Я хотел было отказаться, посмотрел на неё, и как-то невольно принял из рук её предлагаемый стакан. Благодаря, я взглянул ей прямо в лицо. Это была смуглянка лет восемналцати. Большие глаза её были очень хороши. Лицо её можно было назвать типом красоты малороссийских крестьянок.

Чёрные брови были несколько надвинуты над блестящими, чёрными же глазами, что придавало лицу её вид легкой задумчивости, мысли. Чёрные с блеском, густые волосы переплетены с красной лентой в мелкой «дребушке» и два раза обвивались вокруг довольно большой головы. В маленьких ушках горели золотые серьги с красными подвесками.

Фигура и прекрасный рост её могли служить образцом девического развития. Она одета была в чёрный, из шерстяной материи, с красными цветочками, корсет, из-под открытого выката, или лифа, которого виднелась затейливая мережка — узор на сорочке из простого, но тонкого и белого полотна. Корсет этот был без рукавов; зато рукава сорочки, завернутые почти до локтей, спадали на полные руки смуглянки как-то так, что густыми своими складками скрывали их полноту и загар. Для довершения типа полтавки ей не доставало только простонародной речи.

— Вот и Катерина Васильевна идёт, а я ей еще и чаю не налила, — сказала она и поспешно принялась за стаканы и чашки.
— А я бубличков забыла подать, — сказала другая и, положив книгу на стол, убежала в низенький домик. Вслед за ней побежали две маленькие собачки.

Через минуту к нам подошла дама в сопровождении почтового смотрителя и девушки, нёсшей сзади их необходимые при купаньях вещи.

— Дама эта была та самая больная, о которой говорил мне смотритель… Она была уже пожилых лет, хотя далеко не старуха.
При её приближении я встал и поклонился.

— Извините, что я удивляю Вас, быть может, неприятным костюмом своим и видом, — сказала мне дама, — я человек больной. Но мне приятно видеть Вас у себя.Сделайте одолжение, садитесь.

После обычных извинений с моей стороны все мы сели. За чаем обоюдные расспросы наши о том — о сём скоро сменились разговором о болезни больной.

Между тем, солнце скрывалось за облако, черной стеной обложившее запад.

Ветер, стихая, переменял своё направление. Вместо го-восточного, который дул весь день, пахнул тёплый, даже почти горячий южный, изредка освежаемый вставшим с озёр туманом. Морские волны заметно улеглись. Шум их отдавался глухим и далёким гулом.
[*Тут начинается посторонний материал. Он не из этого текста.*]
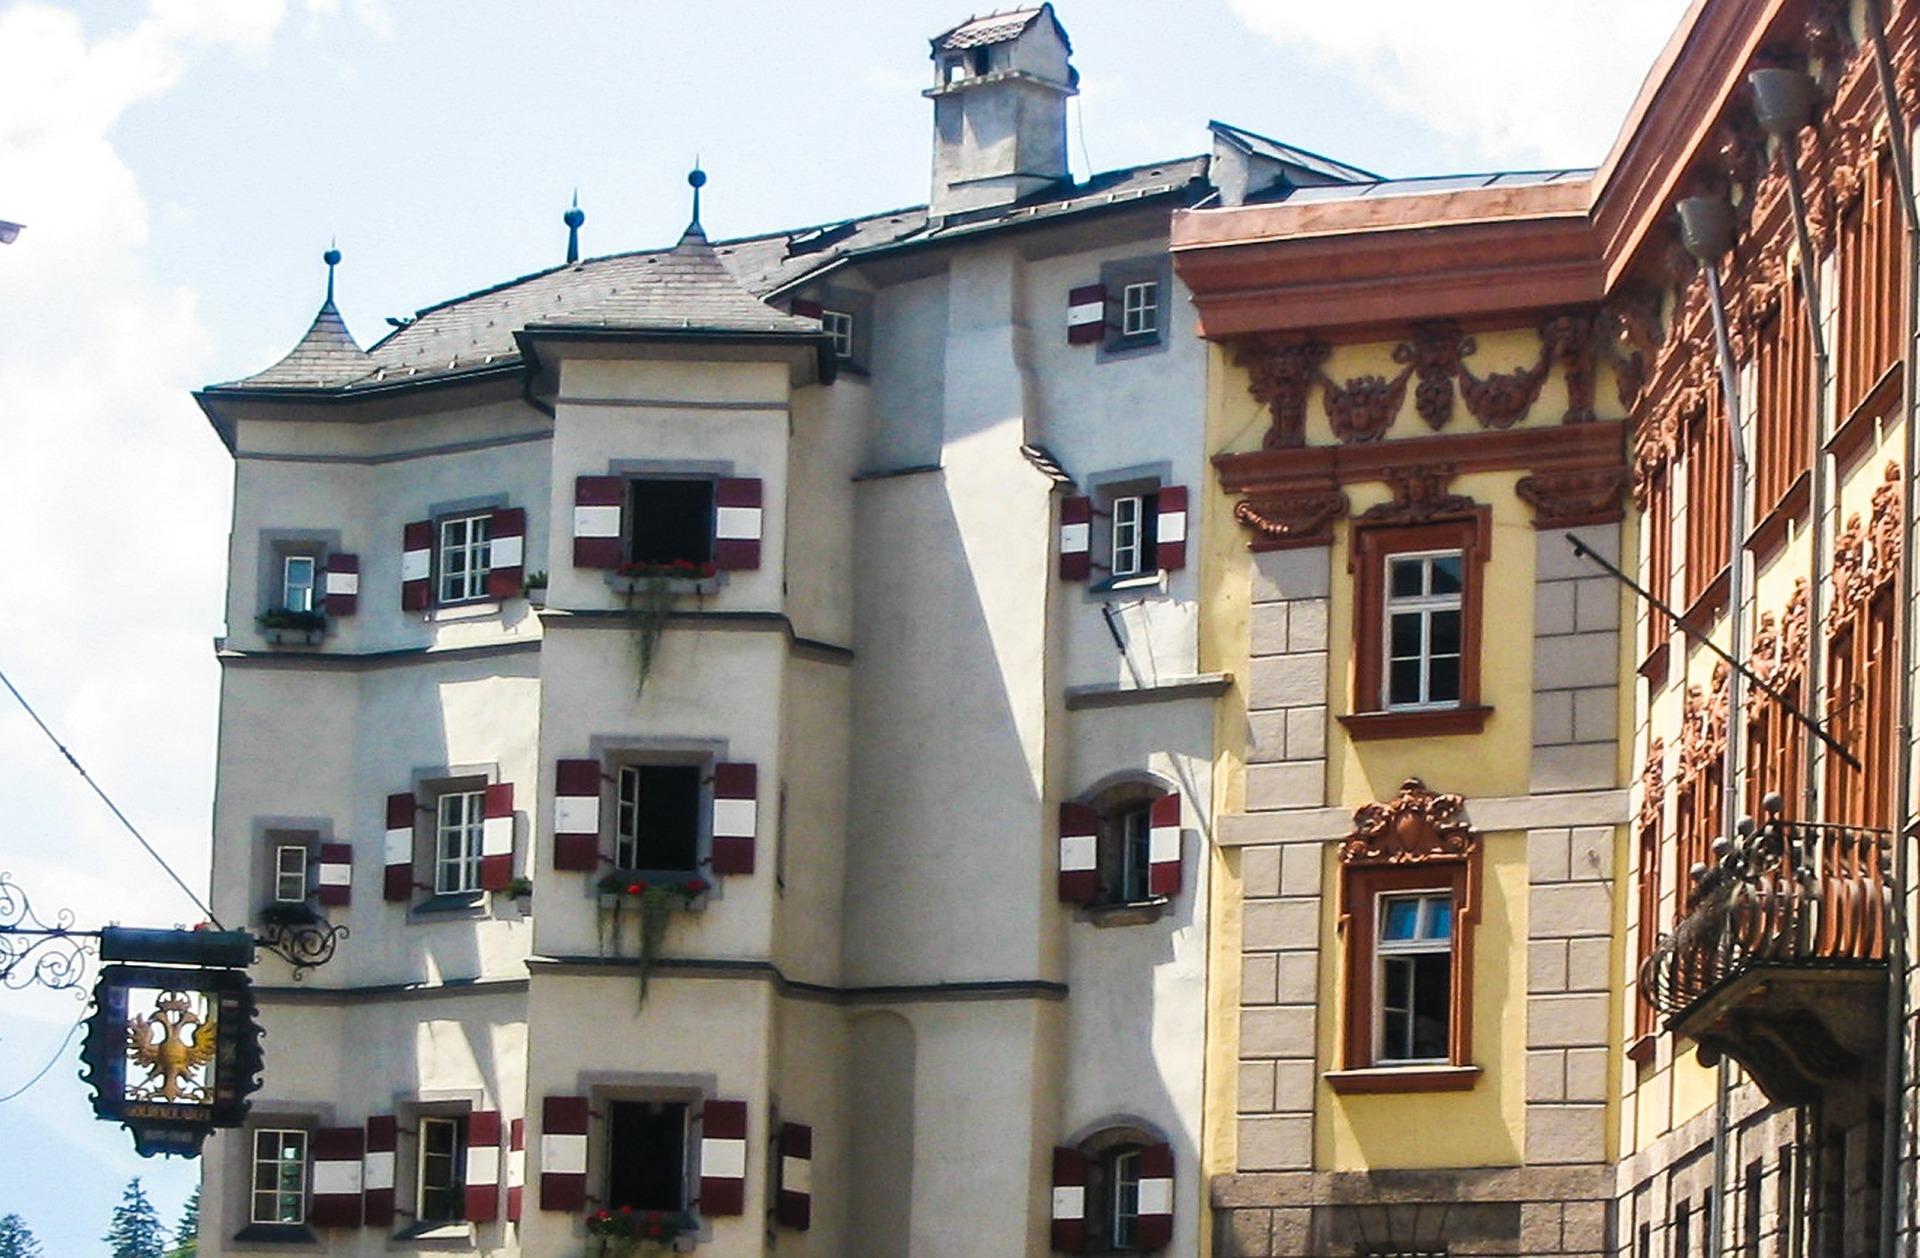 Mittelalterliche Spuren in Innsbruck

По озерам Сиваша покатились белые клубы вечернего тумана, постепенно скрывавшего и даль и небо. Слышны были крик птиц, людской говор и изредка — стук и скрип возов, проезжавших по дороге. Духота южного ветра и не совсем приятный запах испарений усиливались с каждой минутой.

— Отчего же Вам приключился такой сильный недуг? — спросил я больную, не опасаясь, судя по тону нашего разговора, предложить ей этот вопрос.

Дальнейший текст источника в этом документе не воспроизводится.